What you should do: Among the entries below, retype exactly the lines starting with the one with "With letters that" and going on through the one with "UA students relaxing", but not the pictures.

Excerpted data:
——
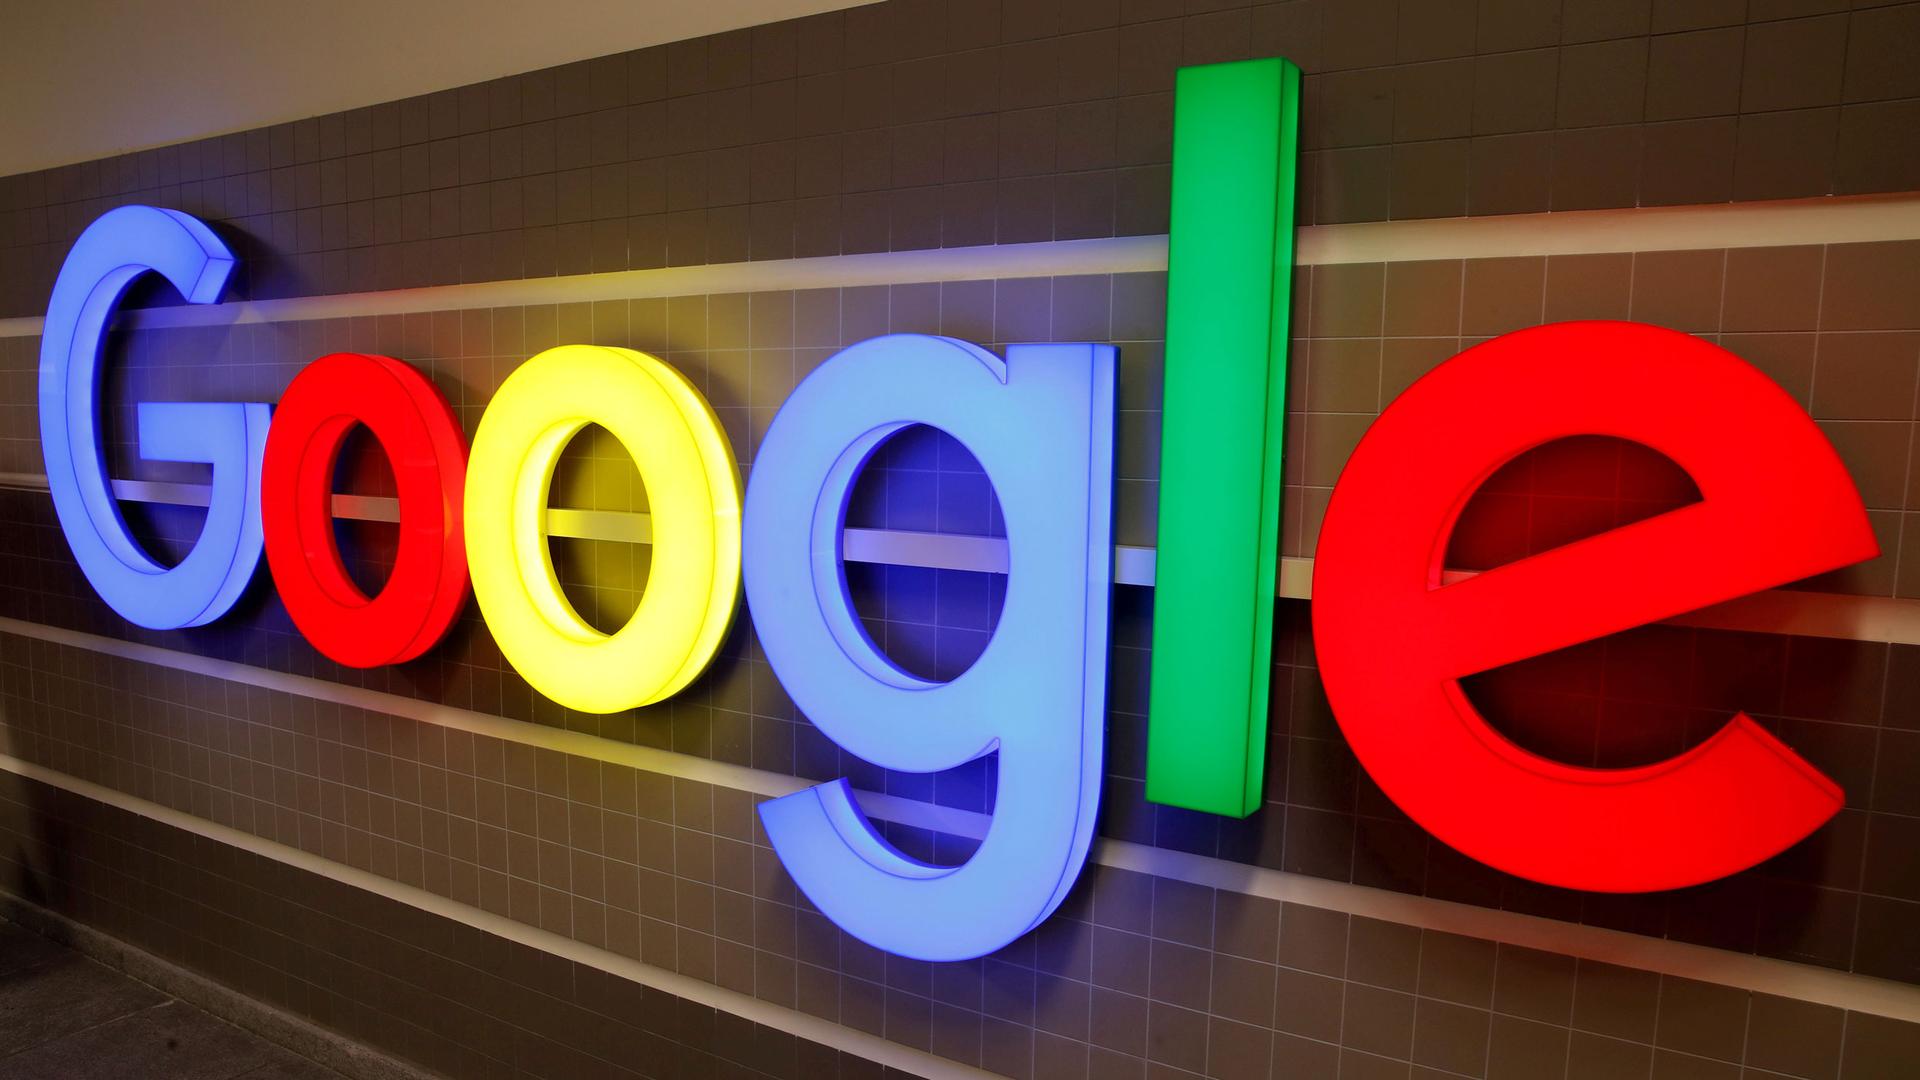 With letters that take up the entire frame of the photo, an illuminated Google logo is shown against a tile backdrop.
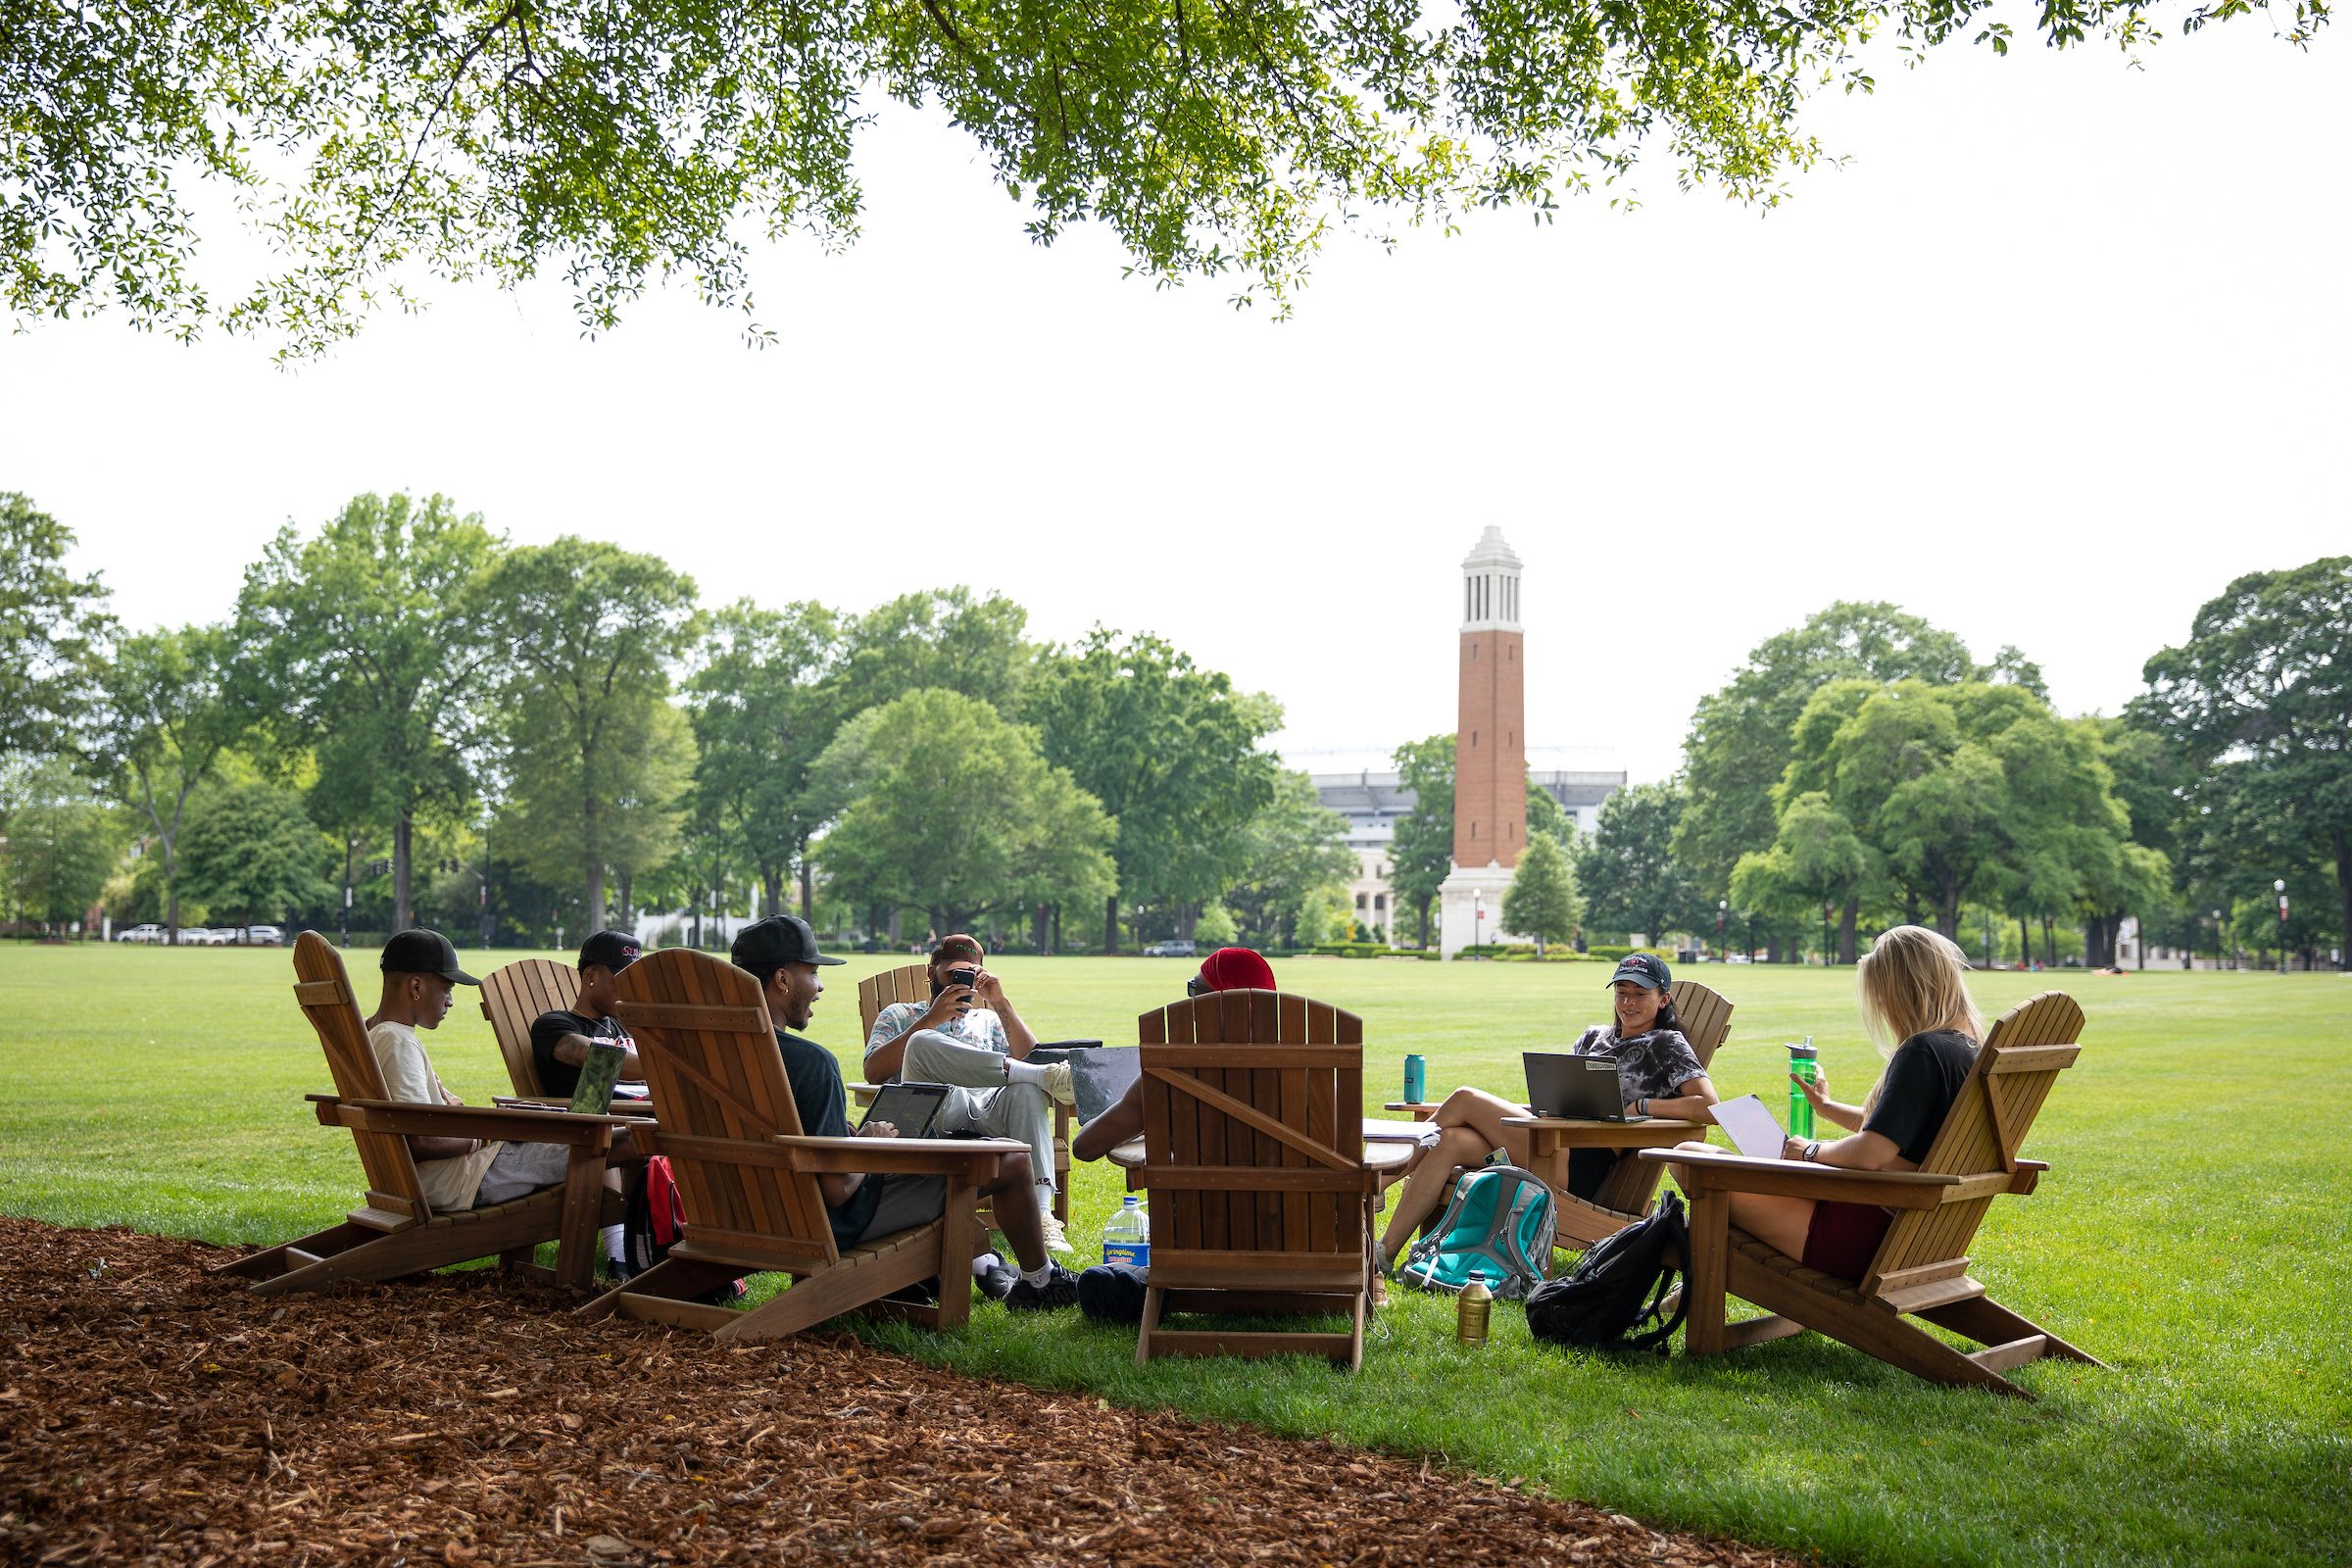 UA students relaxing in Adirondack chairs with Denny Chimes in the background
——
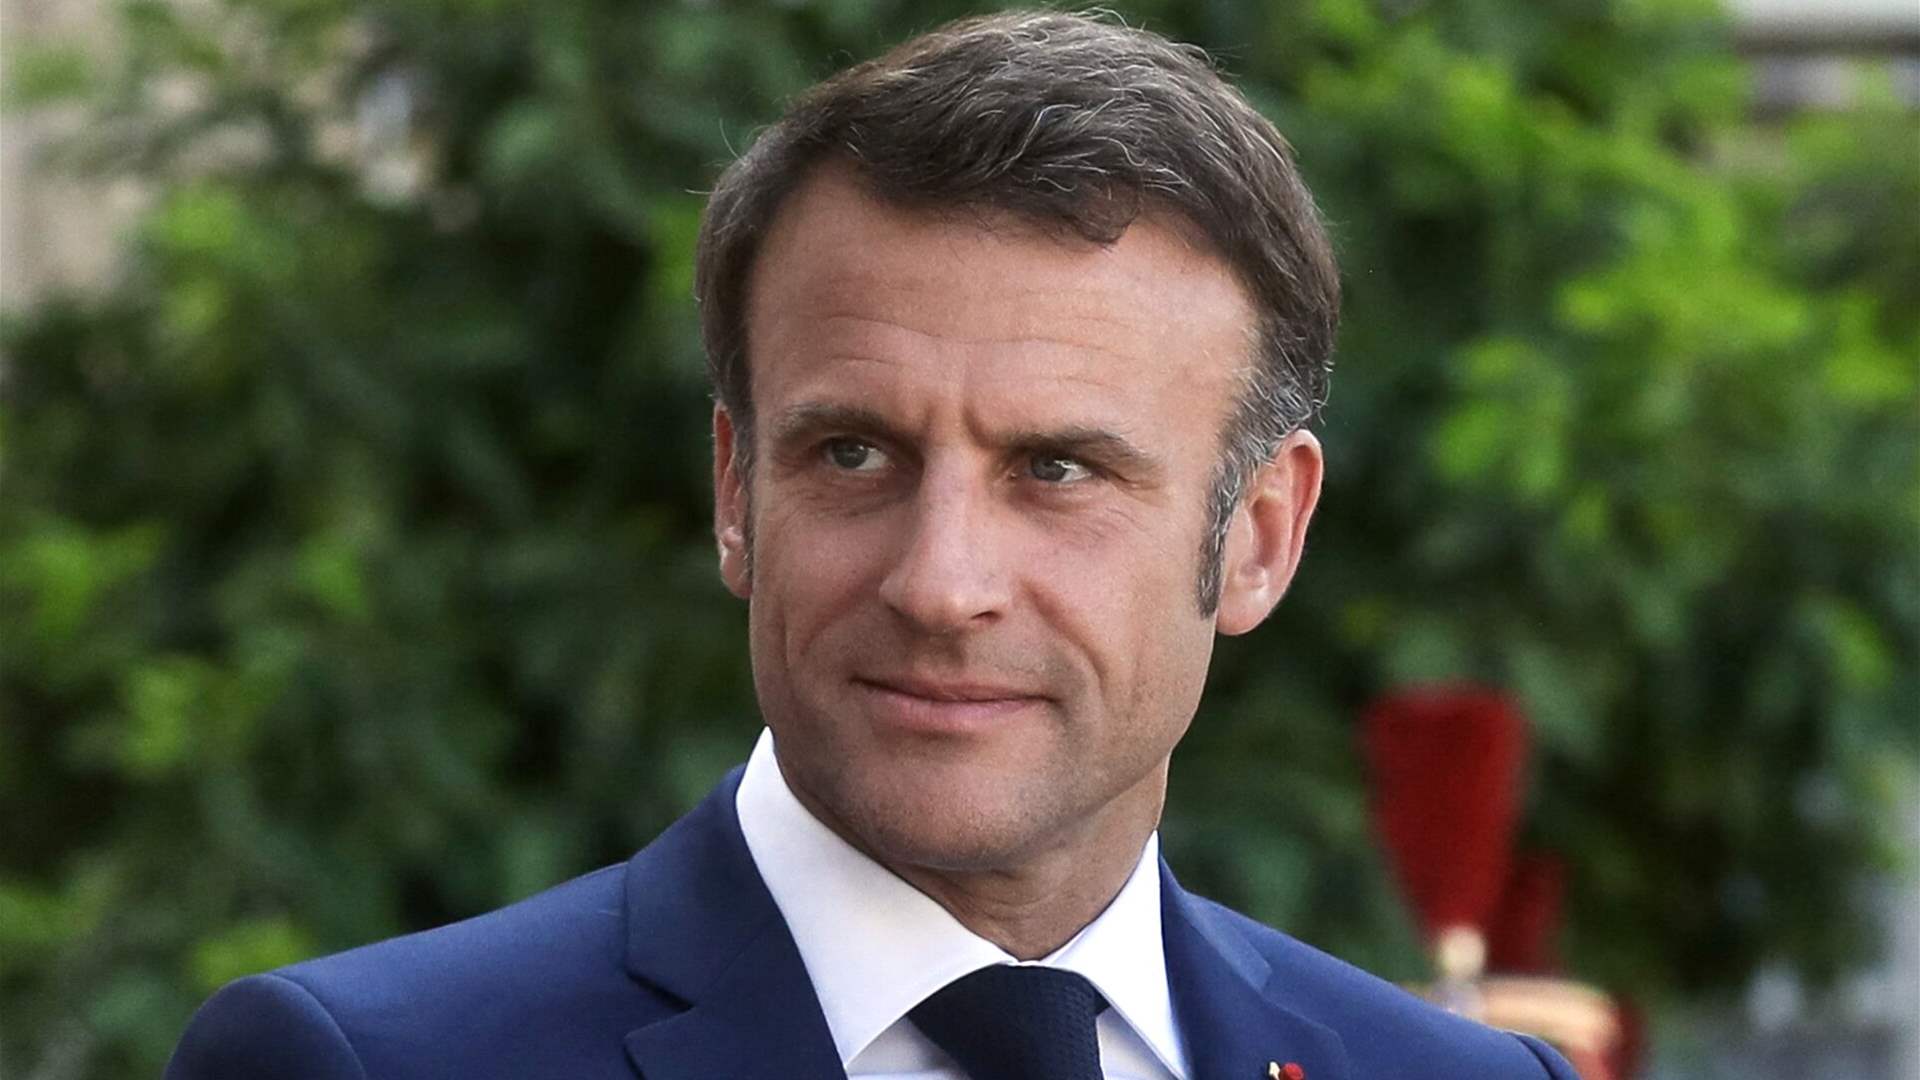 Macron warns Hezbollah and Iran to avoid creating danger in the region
——
Expected output:
 With letters that take up the entire frame of the photo, an illuminated Google logo is shown against a tile backdrop.
 UA students relaxing in Adirondack chairs with Denny Chimes in the background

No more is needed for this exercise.